- **Stored data**
──────

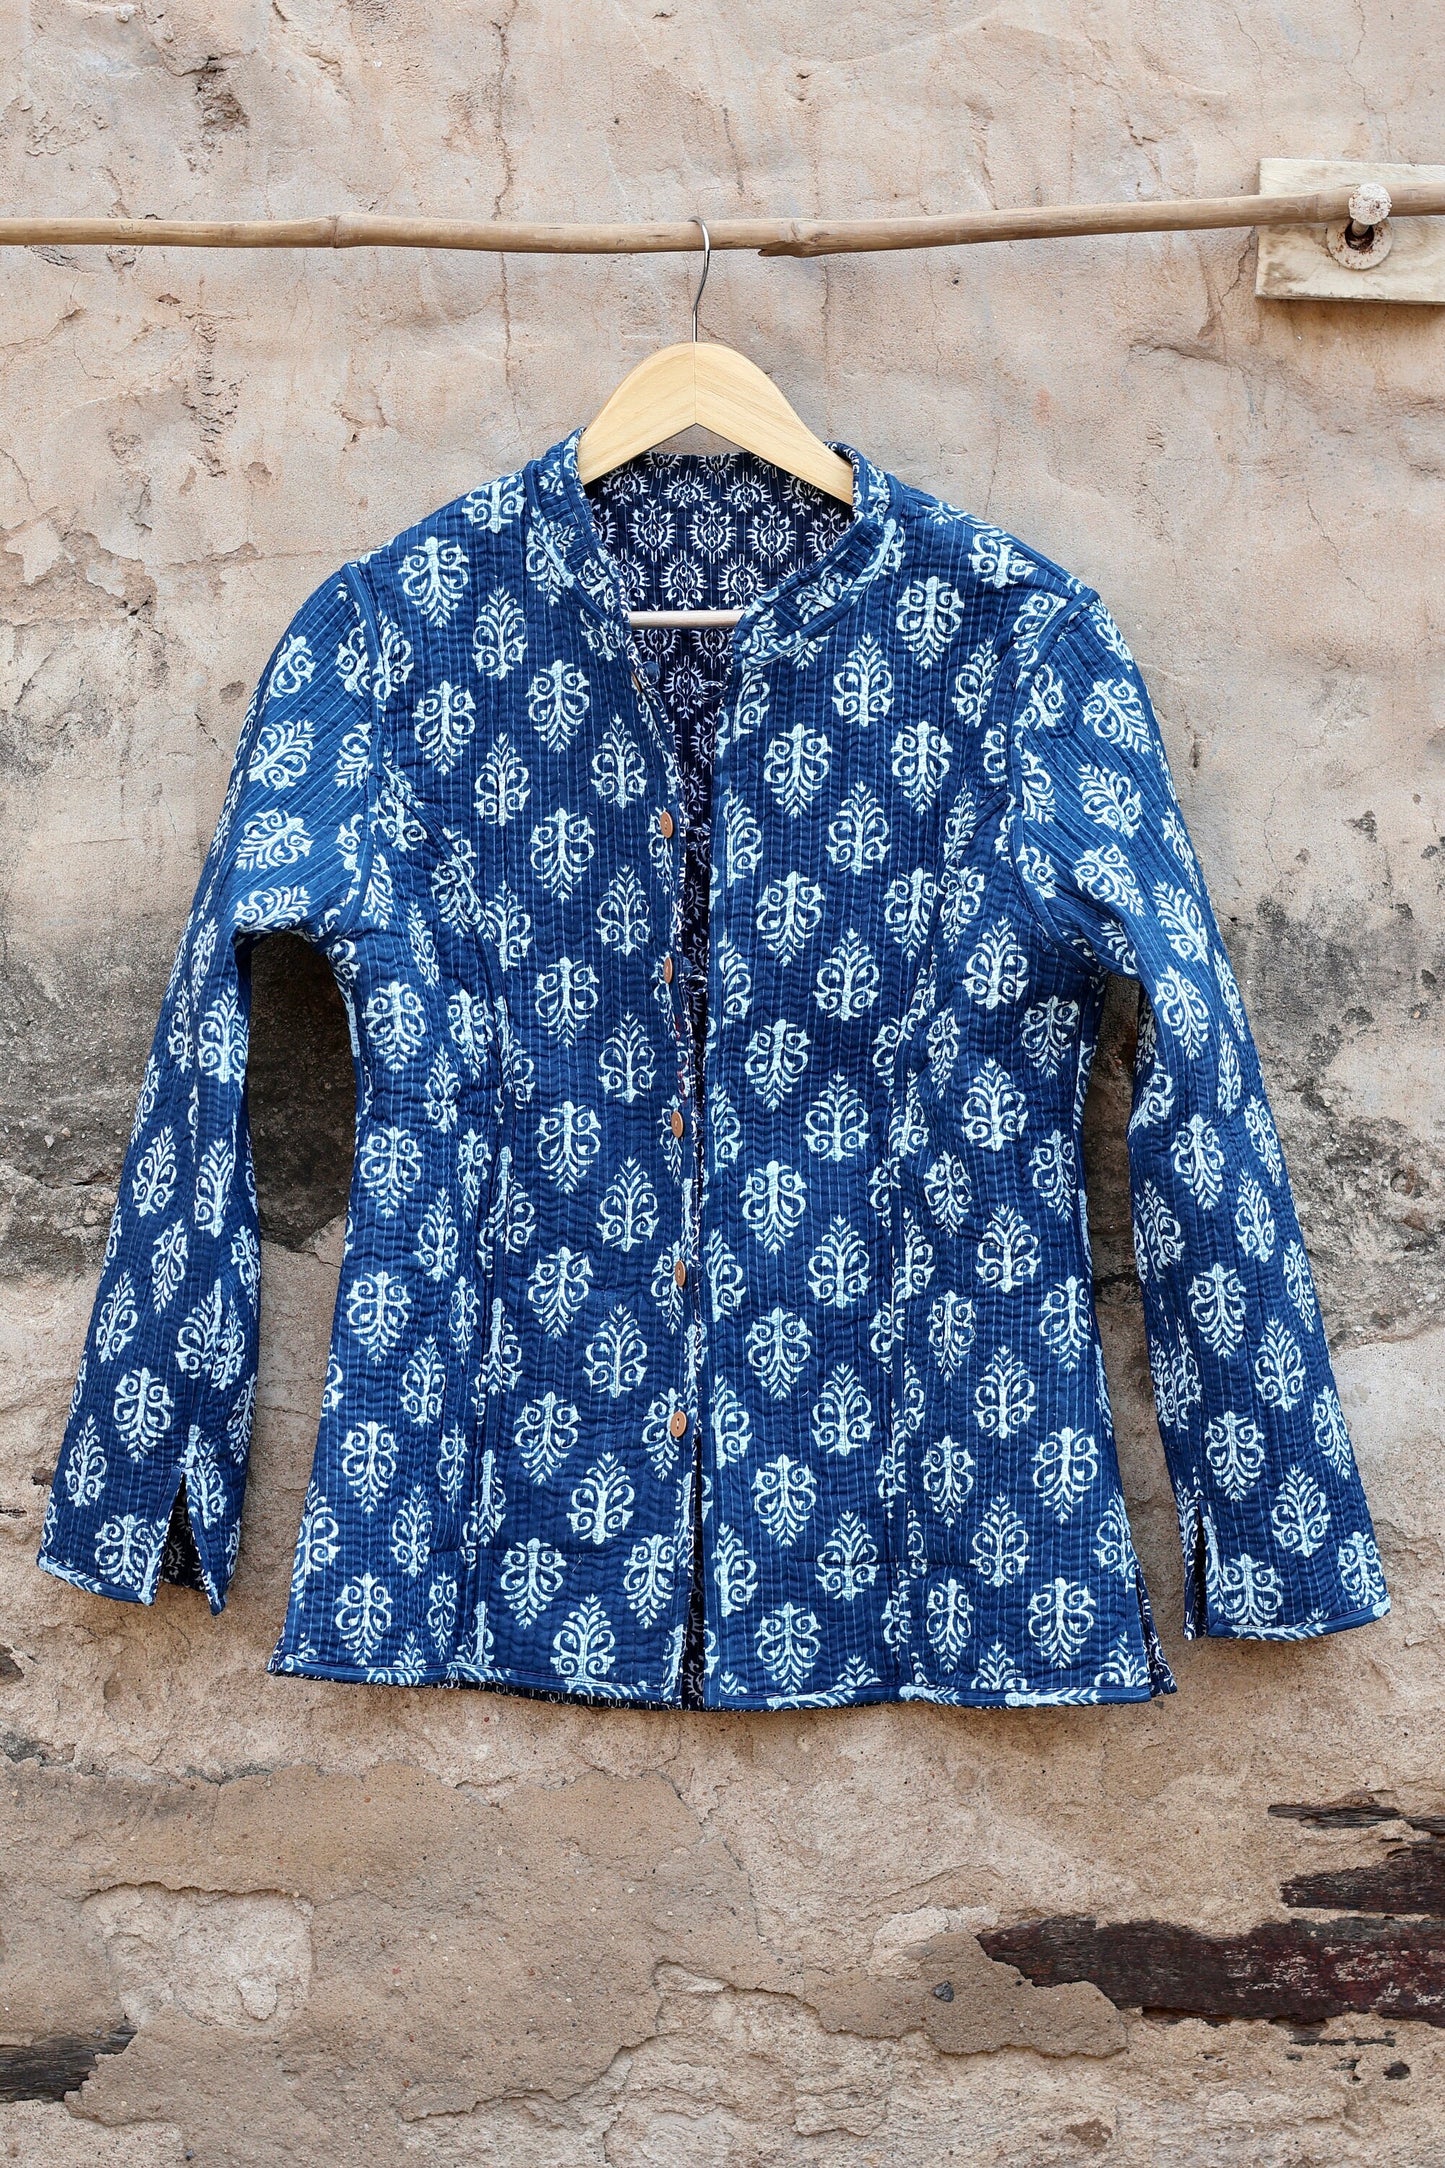 Indian Handmade Quilted Cotton Fabric Kantha Jacket Stylish Blue & White Floral Bohemian Women's Coat, Reversible Waistcoat for Her
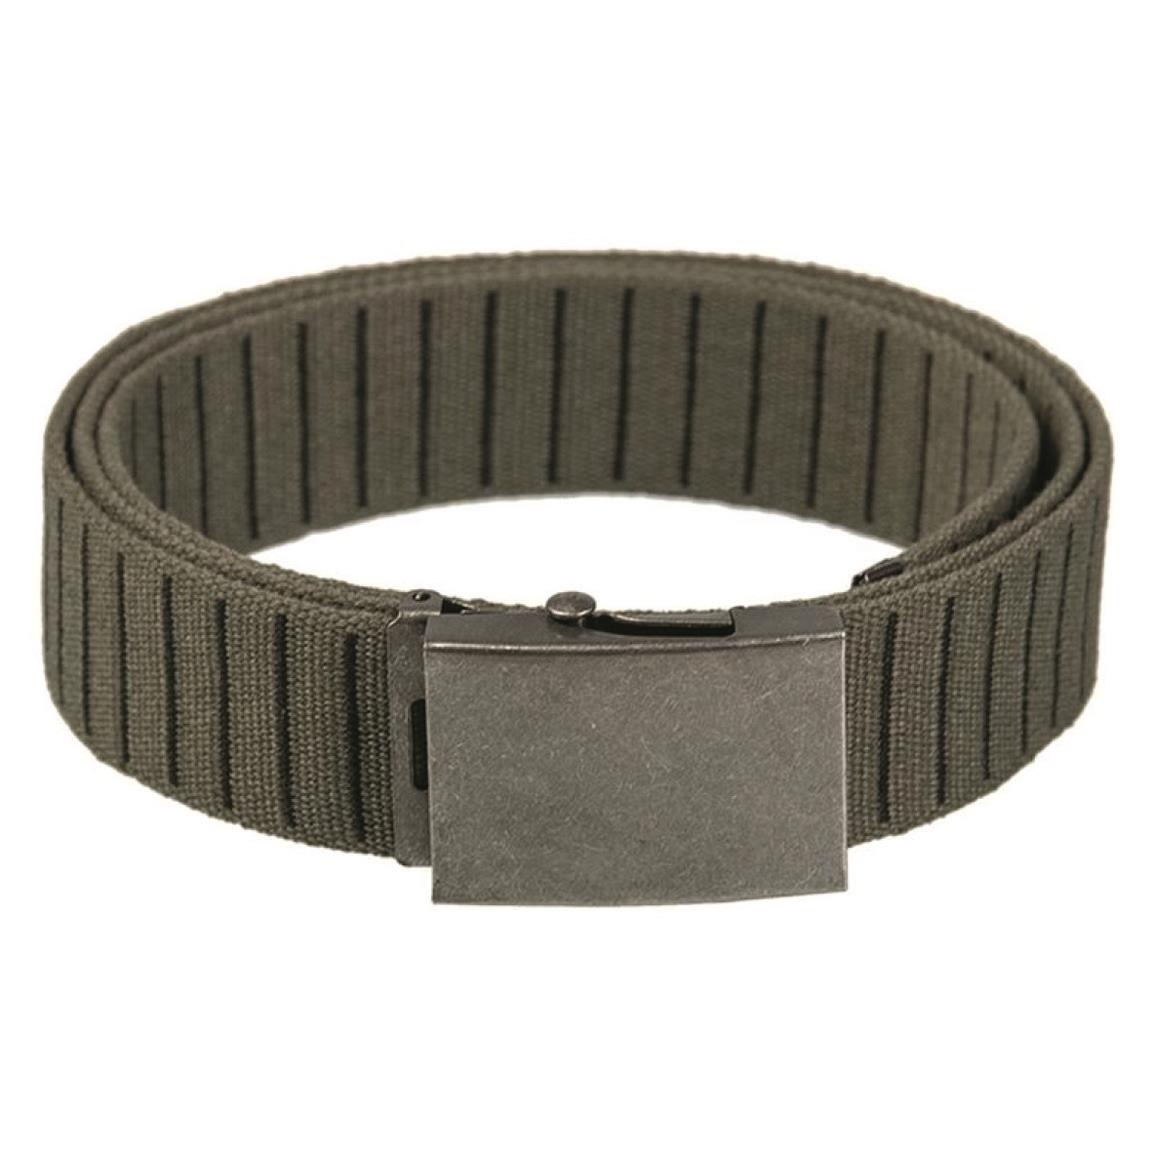 Mil-Tec 40mm Military Style Iron Buckle Roller Belts, 2 pack, Olive Drab
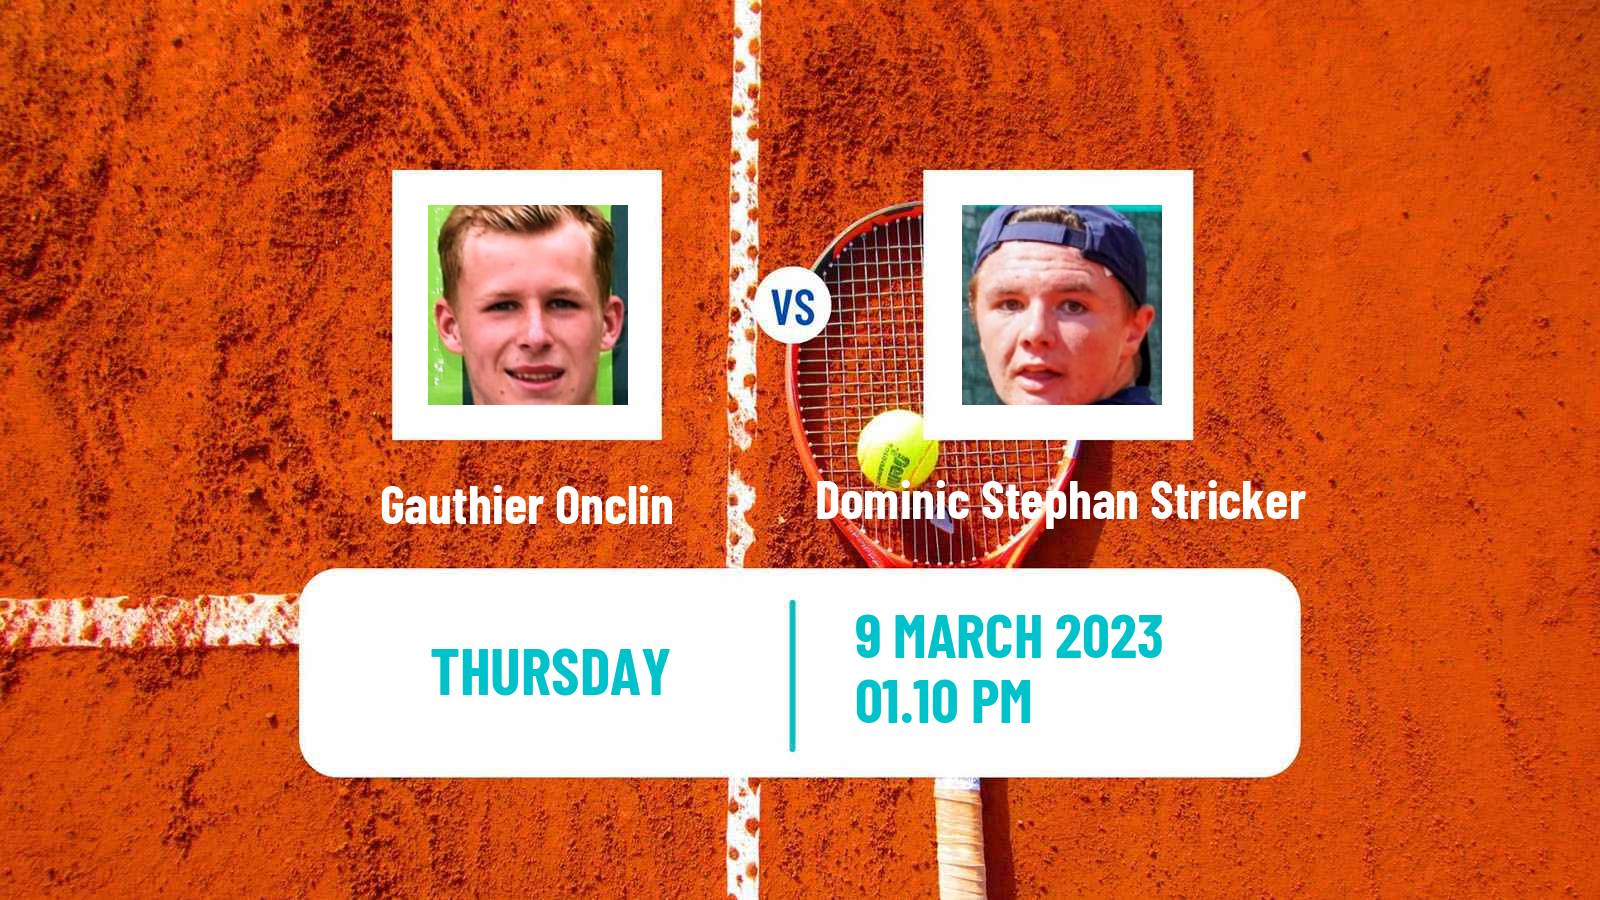 Tennis ATP Challenger Gauthier Onclin - Dominic Stephan Stricker
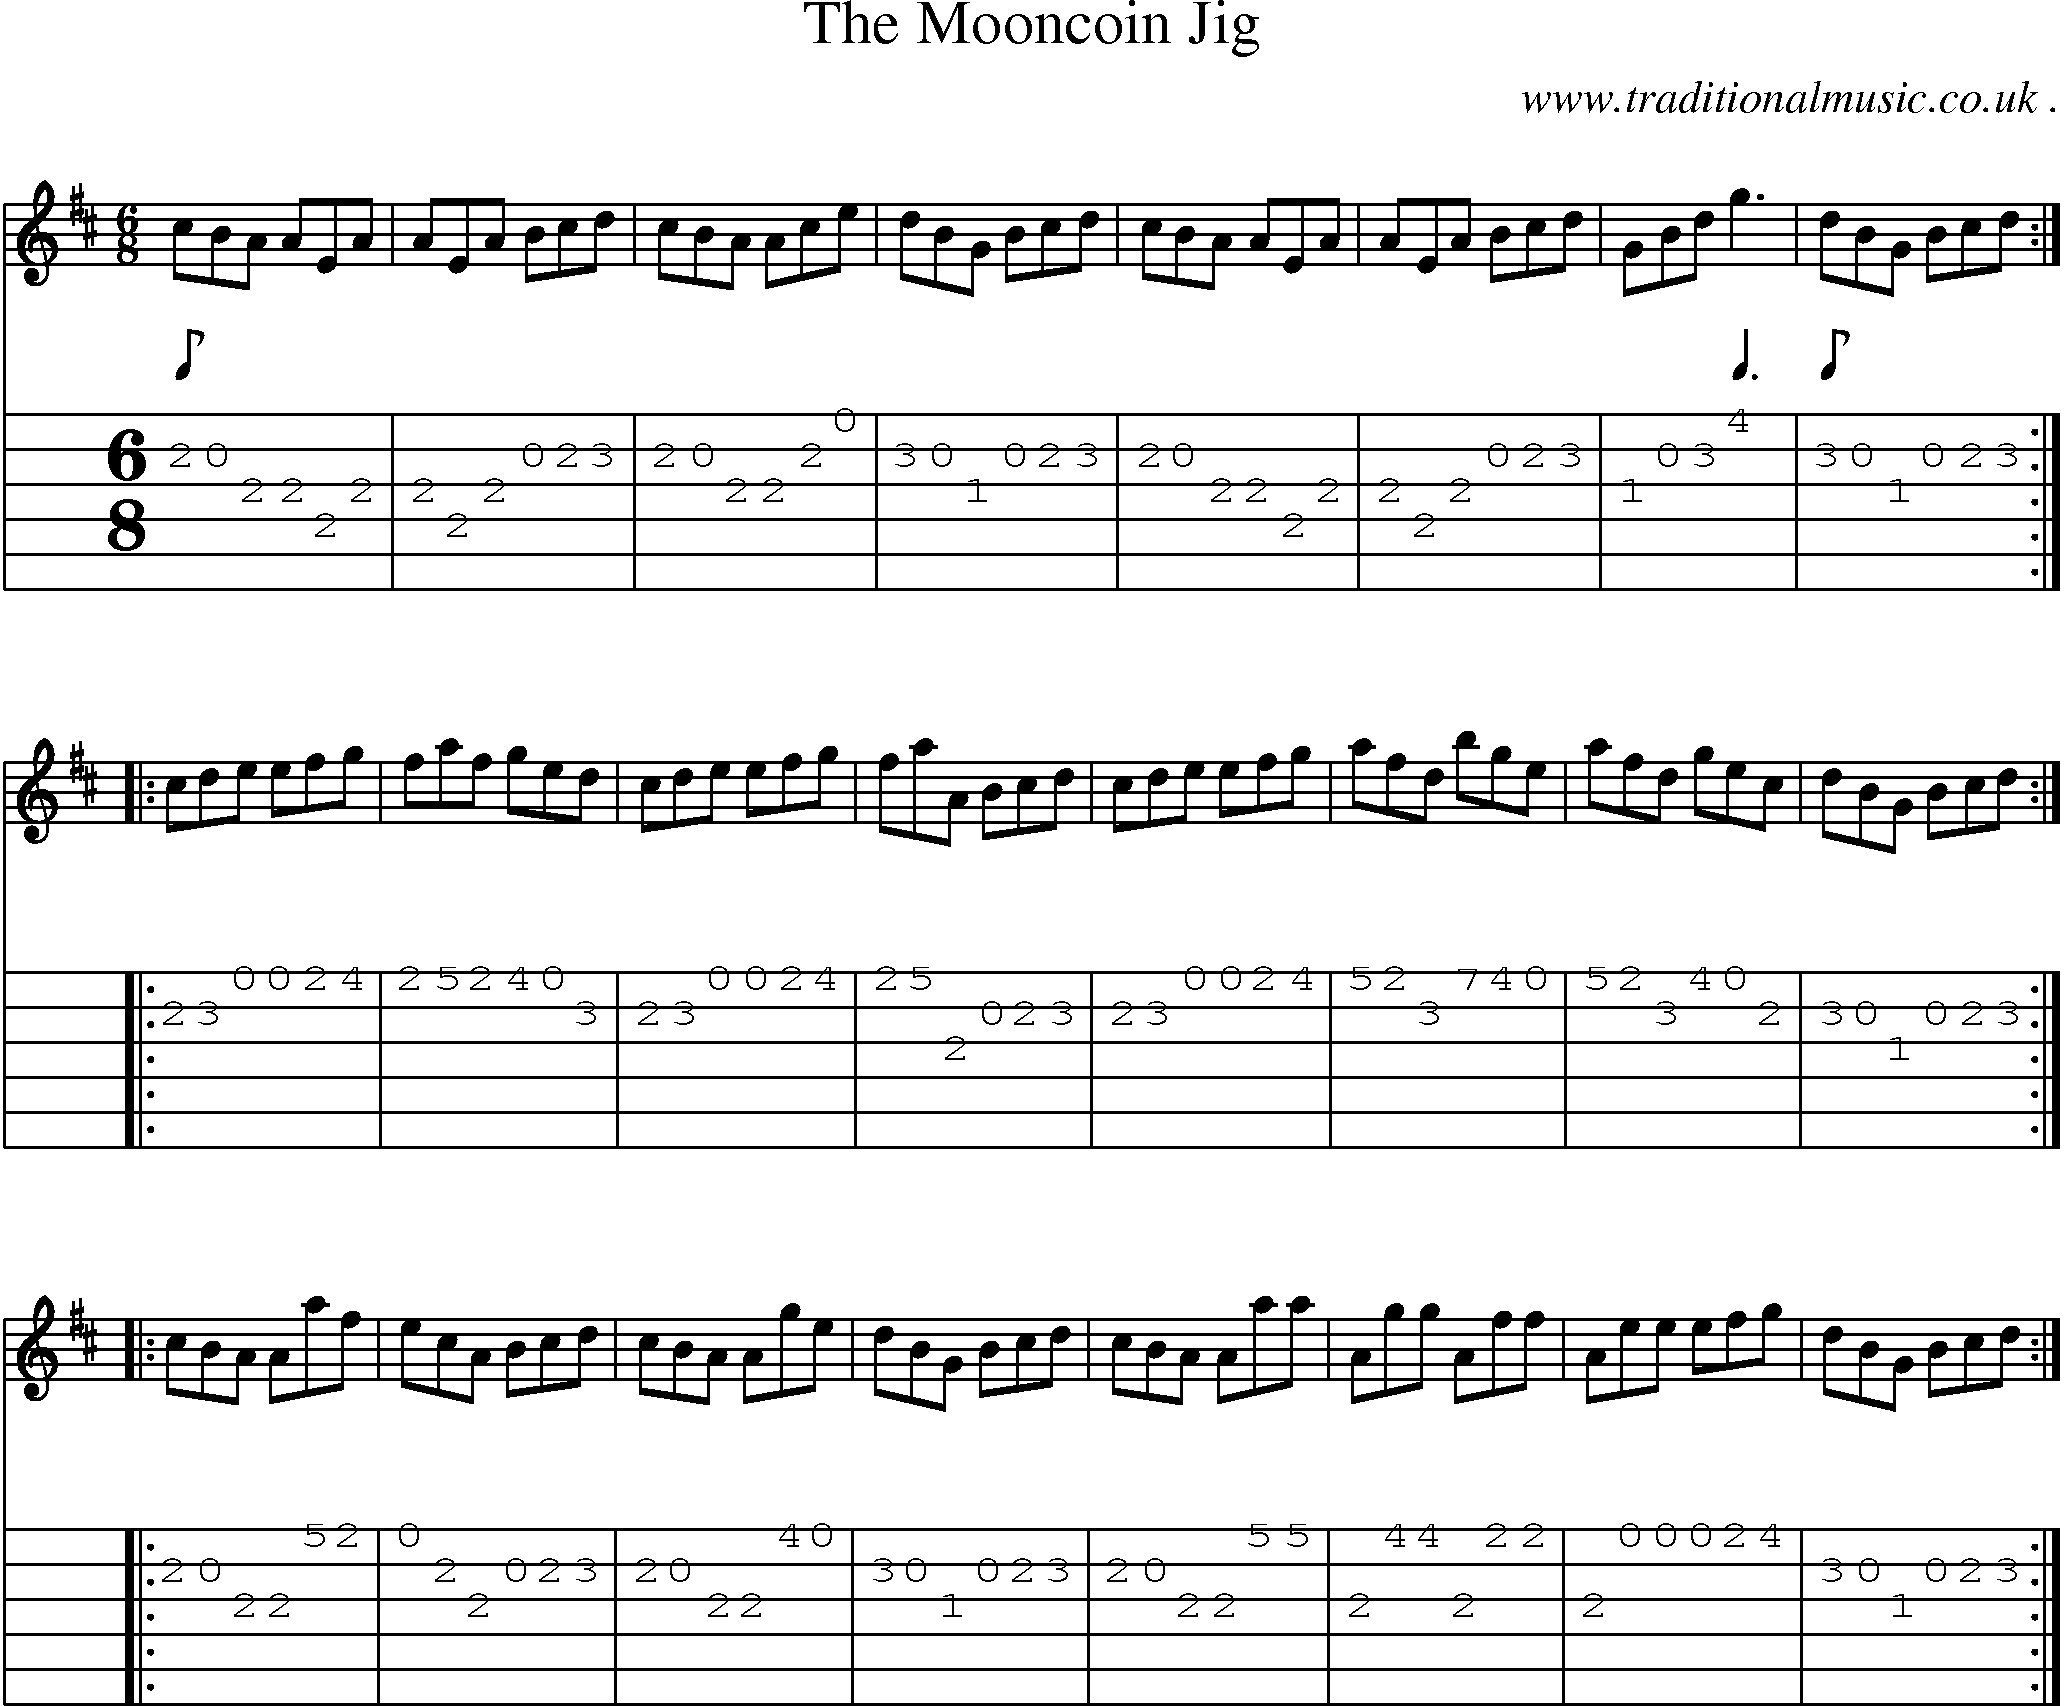 Sheet-Music and Guitar Tabs for The Mooncoin Jig

──────

- **Work item**
Once the line holding "Tennis ATP Challenger" is found, copy it and each later line exactly through the end of the data, leaving out the pictures.

- **Solution**
 Tennis ATP Challenger Gauthier Onclin - Dominic Stephan Stricker
 Sheet-Music and Guitar Tabs for The Mooncoin Jig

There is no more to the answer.